### RECORDS
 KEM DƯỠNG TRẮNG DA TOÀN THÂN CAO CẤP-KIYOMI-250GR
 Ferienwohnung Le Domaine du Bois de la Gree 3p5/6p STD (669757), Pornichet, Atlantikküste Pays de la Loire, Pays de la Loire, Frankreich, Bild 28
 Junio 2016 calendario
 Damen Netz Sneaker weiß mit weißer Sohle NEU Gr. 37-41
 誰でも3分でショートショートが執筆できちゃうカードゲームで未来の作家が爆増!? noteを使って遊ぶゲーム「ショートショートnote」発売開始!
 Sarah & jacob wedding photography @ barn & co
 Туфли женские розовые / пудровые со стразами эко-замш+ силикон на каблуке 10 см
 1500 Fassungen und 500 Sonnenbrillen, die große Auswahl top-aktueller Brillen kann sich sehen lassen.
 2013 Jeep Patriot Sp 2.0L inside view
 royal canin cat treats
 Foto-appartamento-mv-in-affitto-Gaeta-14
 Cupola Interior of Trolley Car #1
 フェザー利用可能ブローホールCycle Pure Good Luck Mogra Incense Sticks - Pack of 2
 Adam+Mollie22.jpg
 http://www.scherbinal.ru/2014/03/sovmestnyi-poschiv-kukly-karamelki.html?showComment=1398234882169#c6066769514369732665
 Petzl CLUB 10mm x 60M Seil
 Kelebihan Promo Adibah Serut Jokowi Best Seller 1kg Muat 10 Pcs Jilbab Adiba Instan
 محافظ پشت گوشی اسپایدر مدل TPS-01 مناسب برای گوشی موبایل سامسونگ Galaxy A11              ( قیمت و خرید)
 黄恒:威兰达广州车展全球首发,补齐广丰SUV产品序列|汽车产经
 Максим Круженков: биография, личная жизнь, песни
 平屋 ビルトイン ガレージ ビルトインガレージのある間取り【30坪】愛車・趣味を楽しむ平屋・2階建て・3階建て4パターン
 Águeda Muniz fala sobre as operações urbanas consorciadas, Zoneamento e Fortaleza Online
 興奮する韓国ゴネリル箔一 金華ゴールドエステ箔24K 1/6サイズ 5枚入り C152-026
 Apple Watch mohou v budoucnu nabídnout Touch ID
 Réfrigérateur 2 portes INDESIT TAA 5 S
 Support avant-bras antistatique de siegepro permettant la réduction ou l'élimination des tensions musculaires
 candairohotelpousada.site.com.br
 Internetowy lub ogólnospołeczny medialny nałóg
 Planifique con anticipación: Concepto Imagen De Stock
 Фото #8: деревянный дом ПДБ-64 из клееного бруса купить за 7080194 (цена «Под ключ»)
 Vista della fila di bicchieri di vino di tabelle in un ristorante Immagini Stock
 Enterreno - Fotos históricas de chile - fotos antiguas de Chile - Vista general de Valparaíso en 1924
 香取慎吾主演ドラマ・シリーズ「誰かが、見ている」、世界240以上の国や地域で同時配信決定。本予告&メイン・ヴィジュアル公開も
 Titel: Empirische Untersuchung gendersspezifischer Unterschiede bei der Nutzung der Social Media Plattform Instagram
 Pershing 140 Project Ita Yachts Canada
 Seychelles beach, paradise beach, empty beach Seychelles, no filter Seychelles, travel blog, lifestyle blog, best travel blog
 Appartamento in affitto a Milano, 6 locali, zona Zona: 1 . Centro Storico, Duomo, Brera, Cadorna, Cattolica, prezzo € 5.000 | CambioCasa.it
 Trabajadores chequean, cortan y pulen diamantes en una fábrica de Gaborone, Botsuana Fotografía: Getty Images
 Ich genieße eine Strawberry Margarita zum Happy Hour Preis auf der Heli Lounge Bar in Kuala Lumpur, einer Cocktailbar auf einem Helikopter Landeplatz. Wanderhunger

### BRIEF
Select the lines from the entries that include the word "Stock".

### TASK ANSWER
 Planifique con anticipación: Concepto Imagen De Stock
 Vista della fila di bicchieri di vino di tabelle in un ristorante Immagini Stock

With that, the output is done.